Every Thursday, Marianne Klein arrives at UCLA Medical Center in Santa Monica and receives her list. For about four hours she goes from room to room, bed to bed, checking to see whether patients are satisfied with their hospital experiences.
She asks them about their doctors, their food, their comfort. She finds out if anything can be done to improve their stays.
"Sometimes they just want to talk about their lives," Klein said. "Sometimes I sing to them. Sometimes we laugh. Sometimes we cry together. Whatever it is."
Klein doesn't donate her time as a patient liaison to be recognized. She's among the thousands of people who feel compelled to improve small corners of their communities — not only during National Volunteer Week, which wrapped up April 18, but also throughout the rest of the year.
"These efforts most frequently touch the lives of the poor, the young, the aged and the sick, but in the process the lives of all men and women are made richer," reads Richard Nixon's presidential proclamation, which formalized the initiative in 1974. "There are abundant opportunities for every concerned American to reap the rewards that come from helping others."
For Klein, a longtime Santa Monica resident and Holocaust survivor who works as a writer and artist, volunteering gives her a sense of fulfillment and a chance to interact with others.
While living in Canada, Klein had worked as a unit coordinator and secretary in the audiology department of a Montreal hospital. So when her husband died about six years ago, and she had an urge to find a purpose — "to be useful to society," she said — she decided to return to health care.

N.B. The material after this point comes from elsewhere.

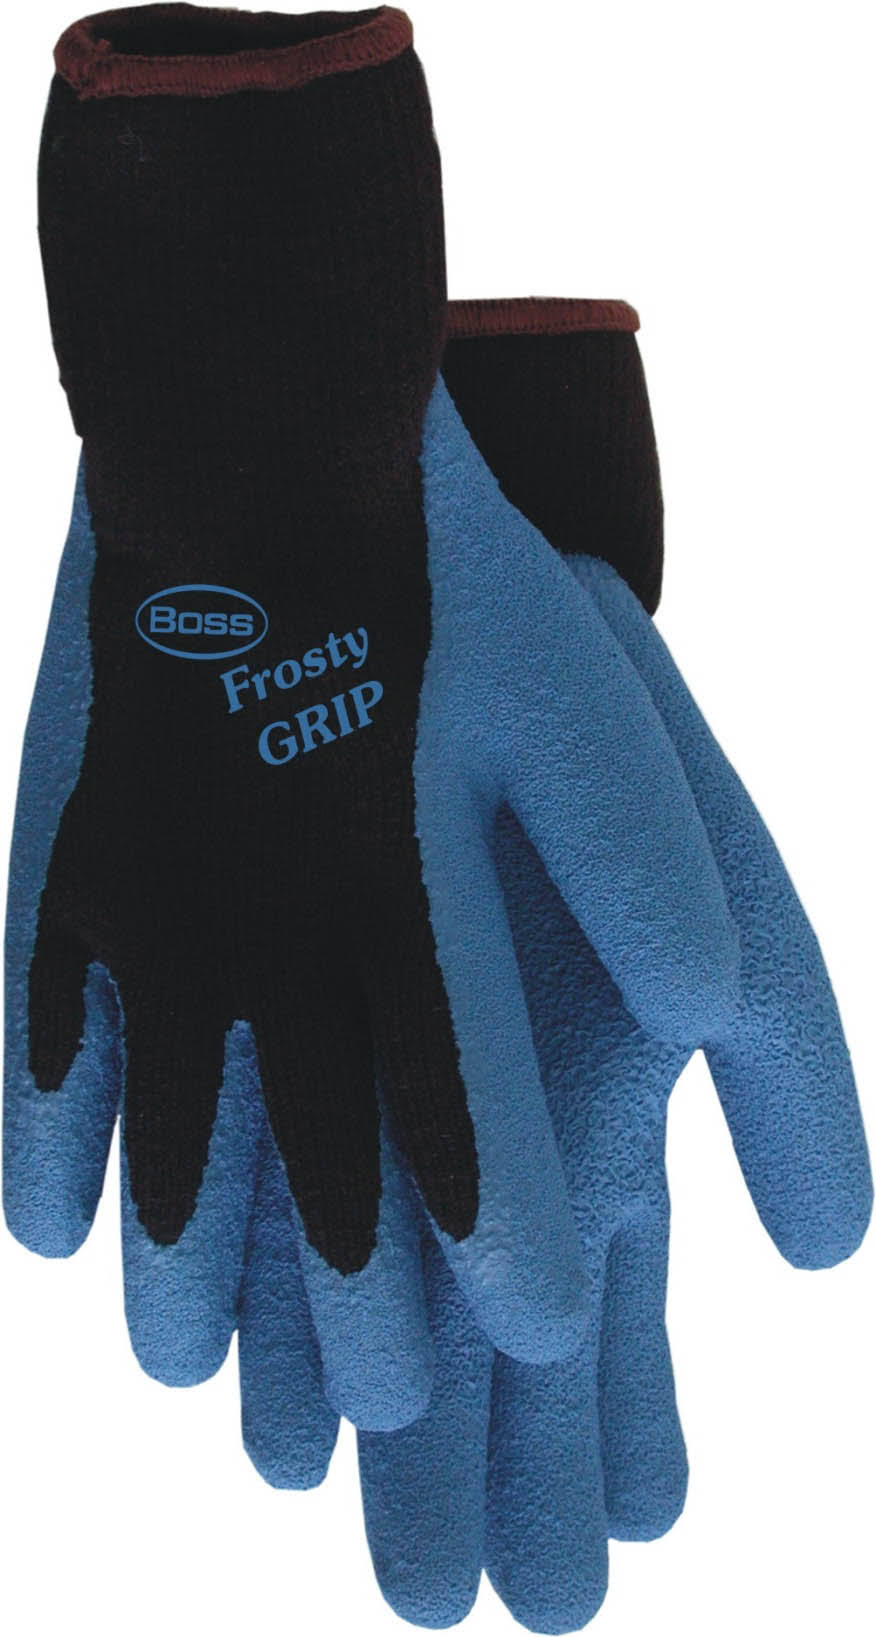 Hugo Boss Frost Grip Gloves - Blue, Medium

Each week Klein looks forward to her volunteer role at the local hospital, not only because she enjoys meeting new people but also because she feels she is doing what she can to help those in need of a morale boost.
Recently, she visited a patient who had served in the U.S. Marine Corps and wanted to talk about his time in the military.
"I saluted him like a soldier," Klein said. "He smiled and said, 'You made my day. I feel so much better since you came in here.'"
Sometimes, Klein said, patients ask to speak with a chaplain. Other times, they just want a glass of water. She's found that her presence as a kind visitor is often enough to lift a patient's spirits.
Volunteering is also therapeutic for Klein, who was a young girl during the Nazi invasion of Hungary. Her autobiography, "All the Pretty Shoes," which she penned under her birth name, Marika Roth, is a harrowing account of how she escaped the horrors of World War II after seeing her father forced by Nazi soldiers onto a cattle car. Through later research, Klein discovered that her father and Anne Frank were sent to the same concentration camp.
Hospital patients don't hear her story.
"I'm not there to talk about me — I'm there to talk about them, and that's the focus," she said. "I don't want to make them feel worse by talking about the Holocaust. That's not what I'm there for."
When she's not volunteering, Klein spends time writing screenplays and painting. She recently had her work on display at Edgemar Center for the Arts on Main Street, and she's currently looking for another exhibit space.
But her role at the UCLA hospital, she said, offers her something that her professional life does not.
"I'm just there to make their lives more pleasant," she said. "That's the most satisfying thing I can do. Giving is also receiving. It makes me feel good when I do something that makes their life easier."